Canadian AI Privacy & Security
Jun 06, 2018 ● Harvard Business Review
Google’s AI Assistant Is a Reminder that Privacy and Security Are Not the Same

We want the benefit of AI assistants without significant privacy and security issues

Earlier this month, Google unveiled remarkable new capabilities for its automated assistant. They’re based on Google’s growing expertise in artificial intelligence (AI).

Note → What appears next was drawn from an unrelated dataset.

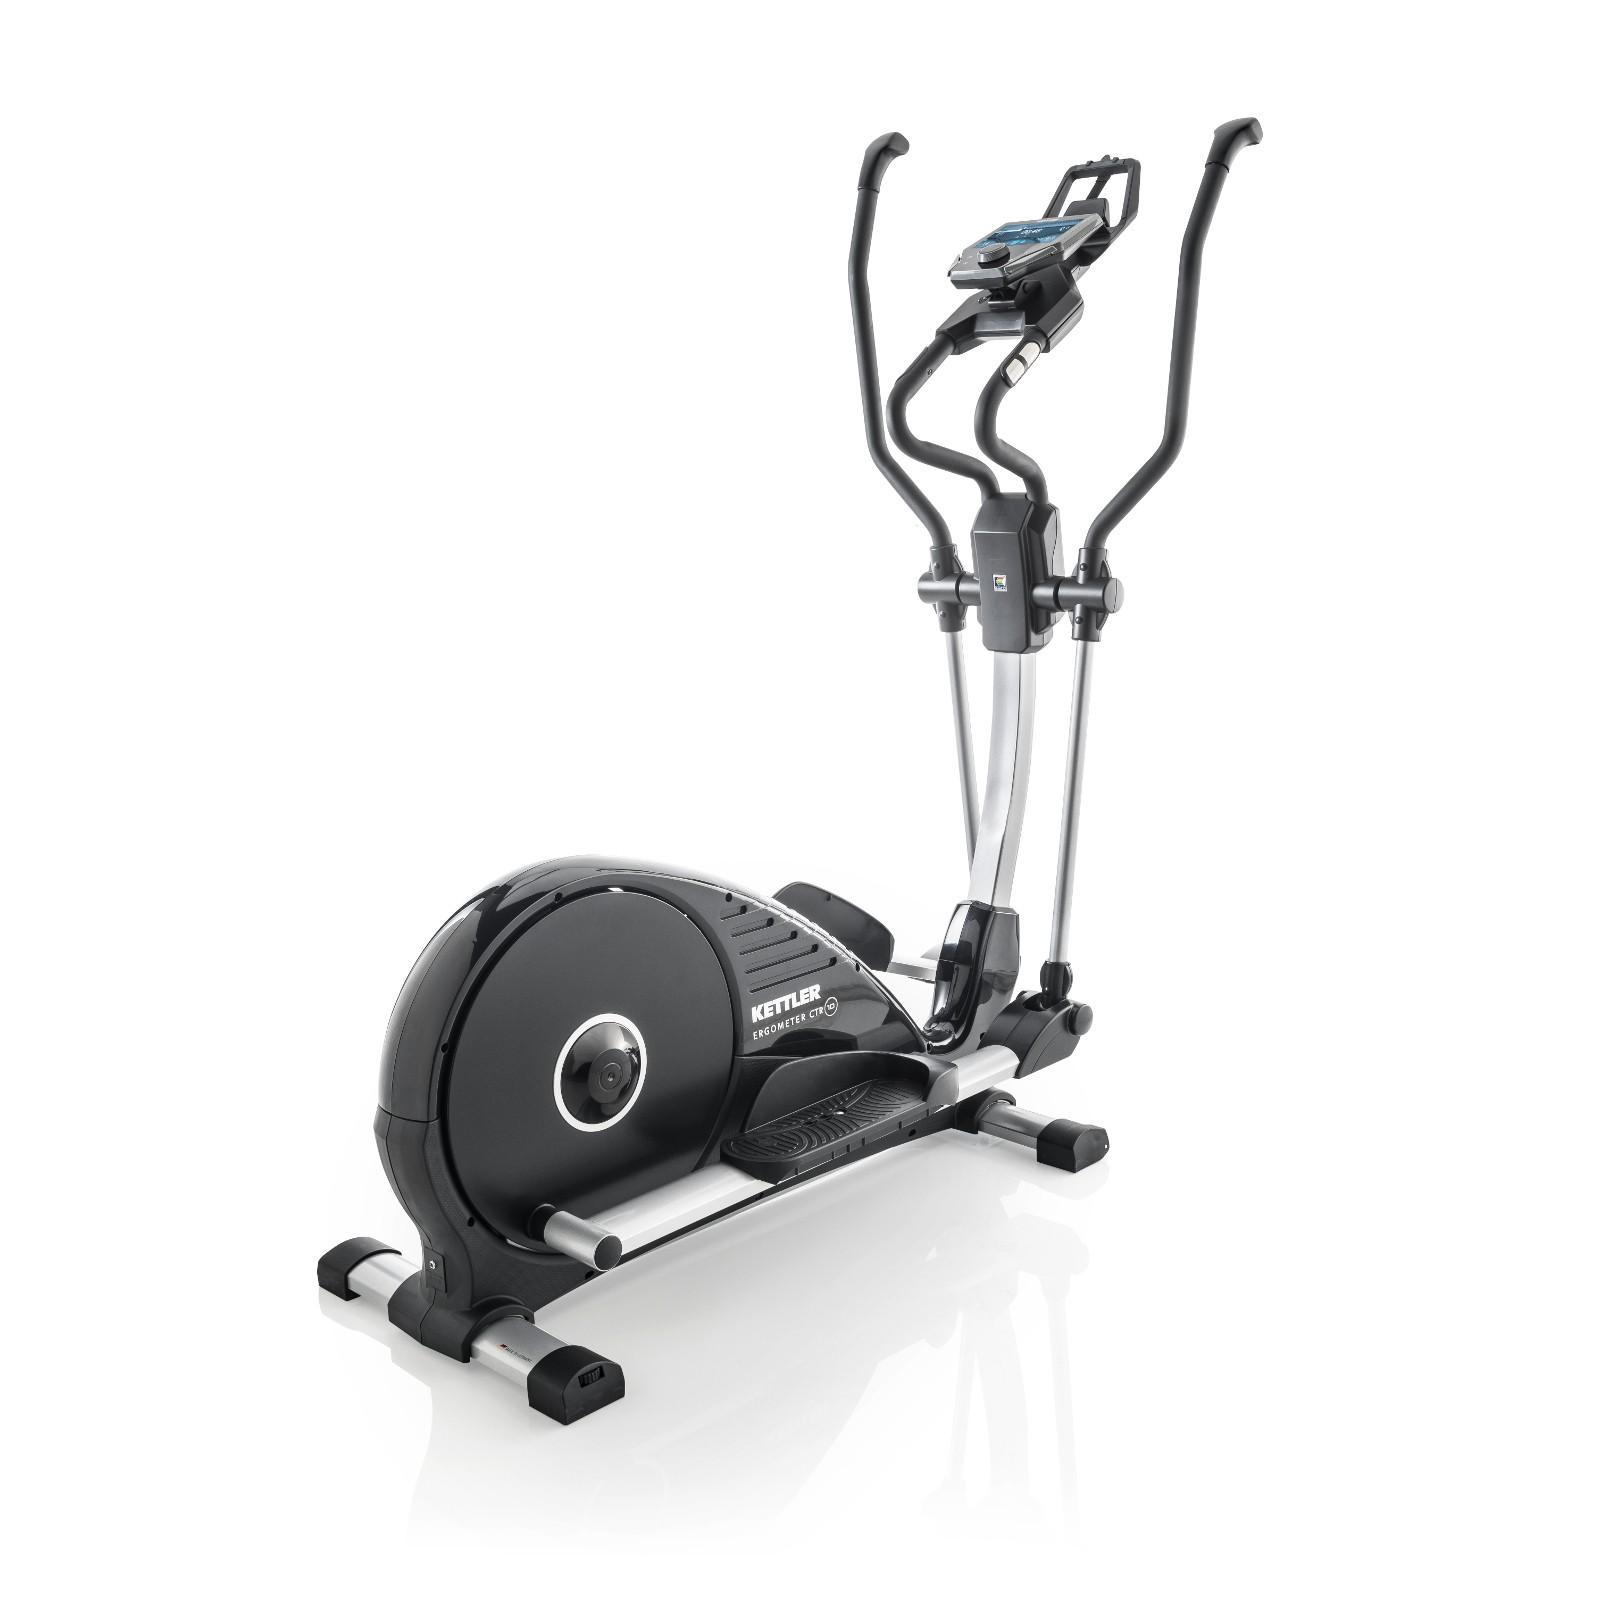 kettler elliptical cross trainer ctr 10 sport tiedje. Black Bedroom Furniture Sets. Home Design Ideas

Perhaps the most dramatic, and, to look at the deluge of commentary, troubling, demonstration was the ability of Google AI to make phone calls that imitate a human. If you haven’t seen the demo, here’s a link. While we’re not there yet, in short order you’ll be able to instruct an AI to use an old technology (voice calls) to make appointments and handle other interactions on your behalf — interacting with other humans or, if the receiver wants, other AIs. Suffice it to say, there’s value in that.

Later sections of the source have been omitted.